歯ぎしり食いしばりの原因は、先述のようなものだけではありません。身体に潜む不調和や機能的な問題もストレスになりえます。それらは脳に“危険信号”として伝わり、それを無意識に補おうとする働きの一環として歯ぎしり食いしばりが生じるケースもあります。

1. 顎の位置のズレ・噛み合わせのアンバランス

顎の関節や噛み合わせにわずかなズレがあると、脳は「正常な咀嚼ができていない」と判断します。これにより、無意識にそのズレを噛みやすい位置に調整しようと動かします。しかし、歯や顎の骨の形や構造上、その噛みやすい位置に動かせないとき、筋肉に過緊張が生じ、歯ぎしり食いしばりで無理やりその位置に動かそうとするのです。

これは一種の身体が自ら歪みを修正しようとする防御反応のようなものであり、抑止できません。顎のズレがある限り、いくらメンタル面を整えても歯ぎしりが完全には治まらないのは、こういったことが関与しているから、と言えるでしょう。

2. 不良な呼吸環境

気道や鼻の奥(咽頭部)が狭いなどして呼吸環境が悪いとき、意外にもそれらは歯ぎしり食いしばりとも密接に関連していることがあります。

ここでいう「呼吸環境が悪い」とは通常の鼻での呼吸がしにくいこととした上でお話を進めていきます。

呼吸環境が悪いと、その代わりに口呼吸をするようになります。意識している、していないに関わらず、そして気道を広げるために猫背気味に顔を前に出すようになります。すると下顎に付着している筋肉群が下顎を後ろに引き下げようとする力が加わります。この状態が慢性的に続くと、下顎が引き下げられ、奥歯が強く当たる環境ができてしまいます。これを咬頭干渉といい、本来当たらなくて良いタイミングで歯と歯が接してしまう現象をいいます。結果として干渉が起こるたびに顎を動かす筋肉が緊張し(=力が入り)、歯ぎしり食いしばりを併発します。

また、口呼吸は通常の鼻呼吸より酸素の換気量が多くなります。血中酸素濃度が高まると勝手に交感神経が優位になってしまいます。それにより歯ぎしり食いしばりが出現するだけでなく睡眠の質が低下したり、イライラしやすくなったりと精神面にも影響が現れます。なお、小児における注意欠陥多動性障害(ADHD)は、これらとの関連が示唆されています。
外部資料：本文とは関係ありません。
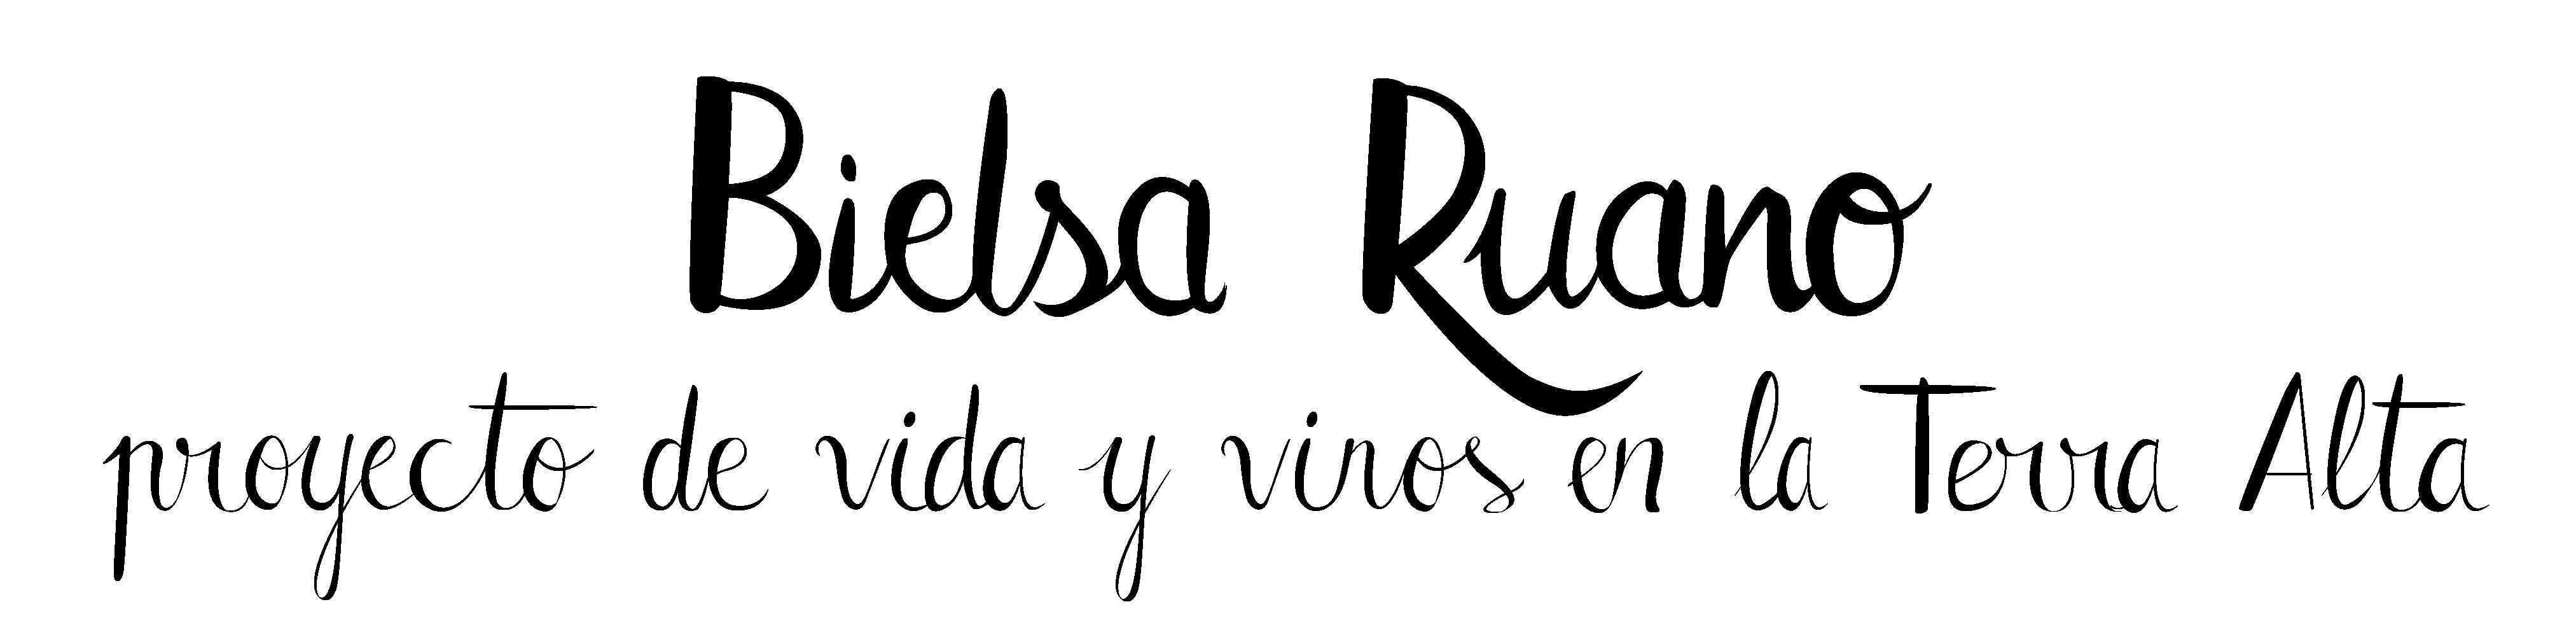 BR_Web_Cap_alera2_CAST

さらに、慢性的な口呼吸は舌の位置や顎の成長に影響を与え、噛み合わせや顎の位置の不調和を助長し、結果として内因性のストレスとなります。


歯ぎしり食いしばりへの対策:外からも内からもアプローチを

歯ぎしりや食いしばりの対策には、「ストレスマネジメント」と「身体の環境整備」の両輪で取り組むことが大切です。

【外的ストレスへの対策】

【内的ストレスへの対策】


まとめ:歯ぎしり食いしばりは“こころ”と“からだ”からの救援信号

歯ぎしり食いしばりは、外からのストレスだけでなく、身体の機能的な不調和=内的ストレスの影響でも起こります。
つまり、それは単に「遺伝」や「クセ」などで片付けられるものではなく、心身両方からの“異常のサイン”ととらえるべきものなのです。

原因を明確にしないまま放置すると、顎関節症、歯や詰め物被せ物などの破折・破損といった口や顎のトラブルだけでなく頭痛や肩こりなどの全身のトラブルに及んだりします。また、精神的安定にも影響が懸念されます。

大切なのは、自分のストレスの「出どころ」がどこにあるのかを専門的な診断をうけて知ることと、外からも内からも可能な限りこういった問題点を最小化していくことです。